Sun, 21 Jan 2024 Feature Article

A President For All, Not Few

A President For All, Not Few

On January 7, 2020, the President of Ghana, His Excellency Nana Akuffo Addo, swore his oath of office for a second term. He took a presidential oath, which partly reads, “I dedicate myself to the service and well-being of the people of the Republic of Ghana and to do right to all manner of persons.”

In recent times, some actions and utterances of the President at public functions have gone contrary to the presidential oath, and the earlier the President is called to order, the better it will be for our democracy.

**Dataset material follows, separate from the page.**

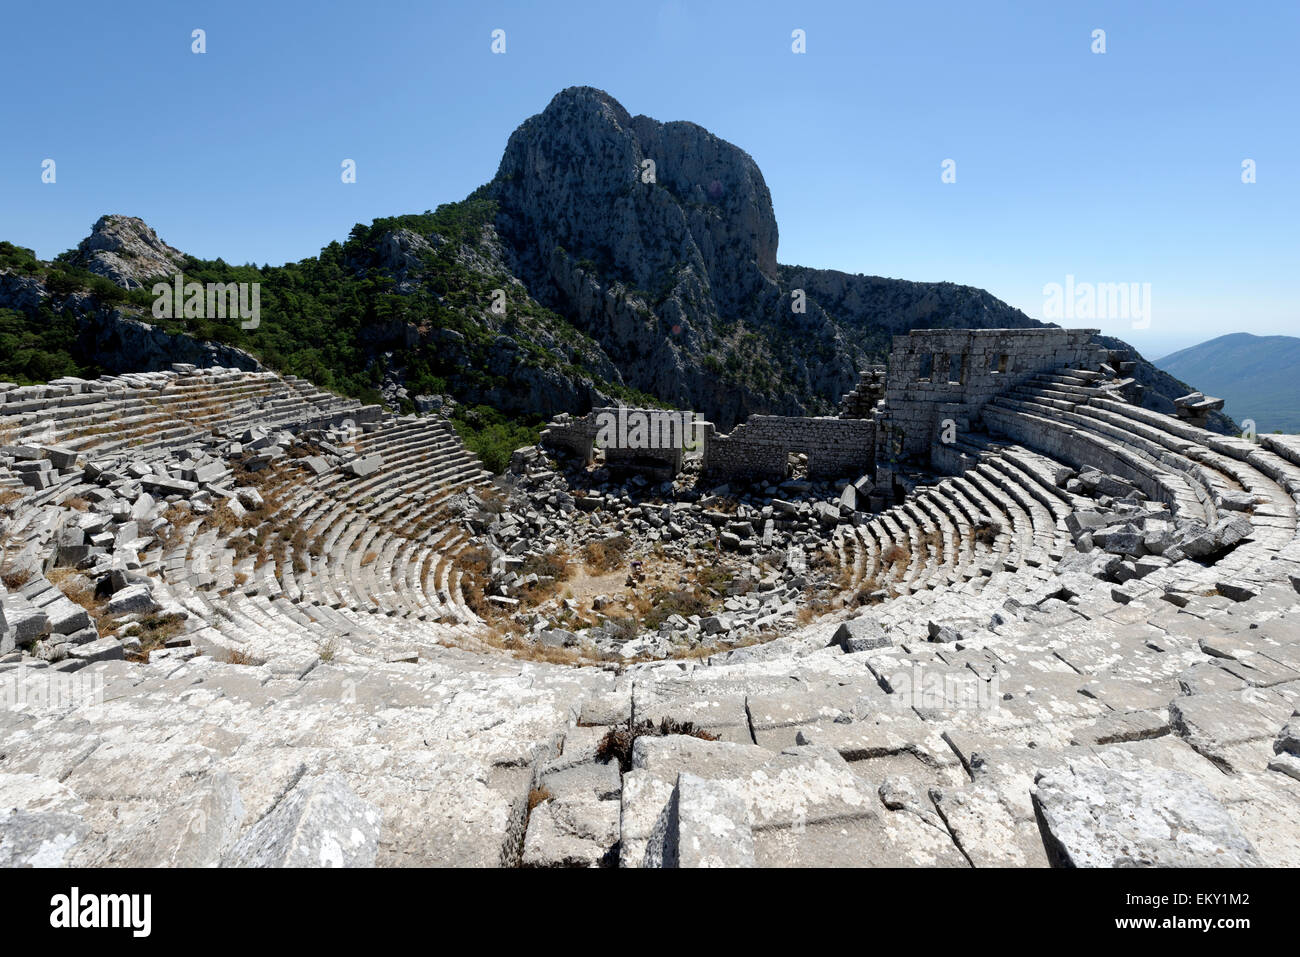 Il Greco antico in stile teatro, costruito nel periodo ellenistico e rinnovato nel corso dell'epoca romana. Termessos, nella Turchia meridionale. Th Foto Stock

On June 9, 2023, the President in a video posted on social media, was furiously issuing instructions to the Greater Accra Regional Minister to question the Chief of Mempeasem, Nii Torgbor Obodai Ampaw VI, who failed to honor the call to attention when the national anthem was being played during the Green Ghana program. Ghanaians sided with the President on his action because every Ghanaian is morally bound to respect any effigy, song, flag, or item that represents the nation of Ghana. The chief subsequently apologized and explained that he could not stand due to ill health.

The playing of the national anthem during national events signifies an important ritual in the affairs of the nation. It symbolizes the power and authority of the state. It affirms our patriotism, and every patriotic citizen is proud when the national anthem is played.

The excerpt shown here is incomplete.